## TASK MATERIAL:

- - -

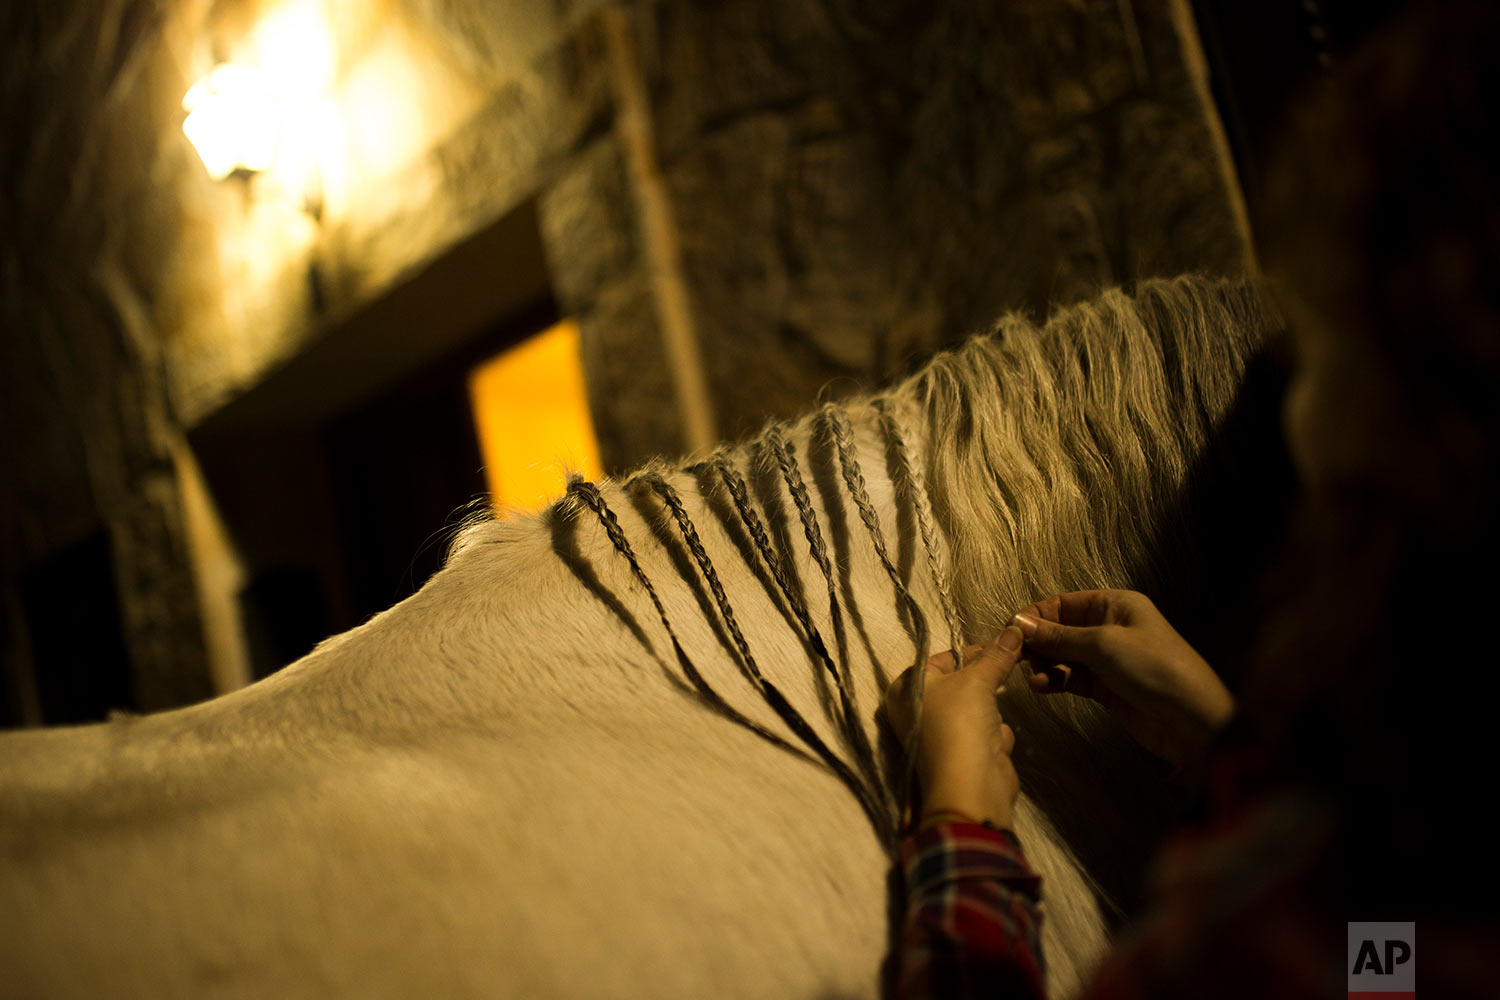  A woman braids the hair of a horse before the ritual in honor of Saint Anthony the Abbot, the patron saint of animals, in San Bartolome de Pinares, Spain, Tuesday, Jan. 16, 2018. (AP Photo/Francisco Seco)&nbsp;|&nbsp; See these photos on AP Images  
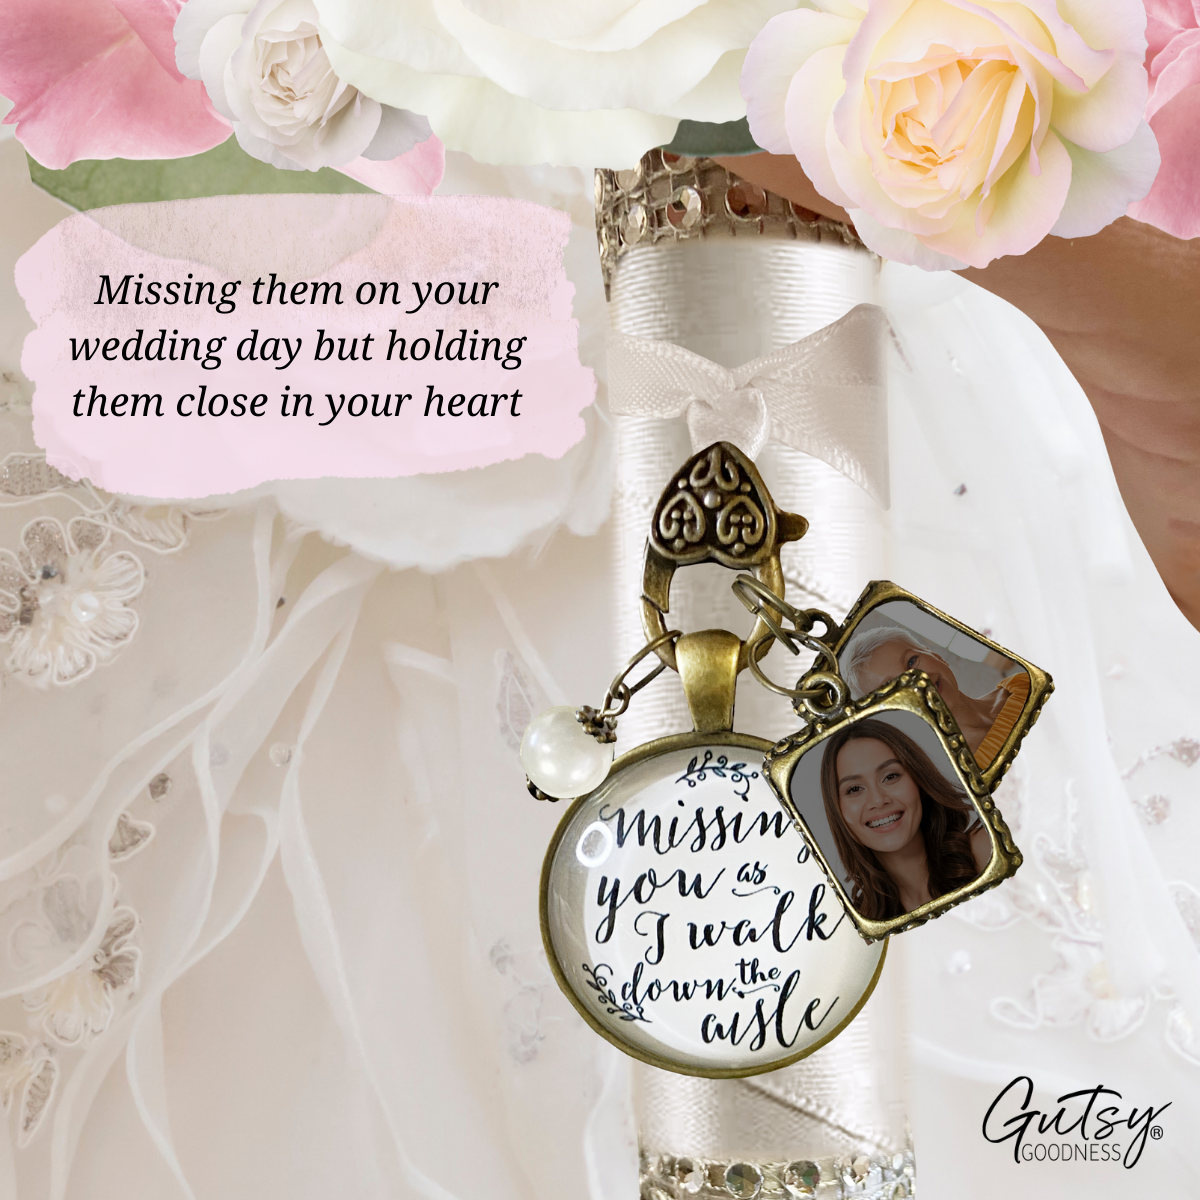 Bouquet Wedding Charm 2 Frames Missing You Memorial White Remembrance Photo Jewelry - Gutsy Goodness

- - -

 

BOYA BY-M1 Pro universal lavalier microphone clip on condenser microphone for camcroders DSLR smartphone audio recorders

- - -

In the entries above, find the line containing "A woman braids" and the line containing "Bouquet Wedding Charm"; give again exactly those two lines and every line between them, minus the pictures.

## REPLY TO THE TASK:
  A woman braids the hair of a horse before the ritual in honor of Saint Anthony the Abbot, the patron saint of animals, in San Bartolome de Pinares, Spain, Tuesday, Jan. 16, 2018. (AP Photo/Francisco Seco)&nbsp;|&nbsp; See these photos on AP Images  
 Bouquet Wedding Charm 2 Frames Missing You Memorial White Remembrance Photo Jewelry - Gutsy Goodness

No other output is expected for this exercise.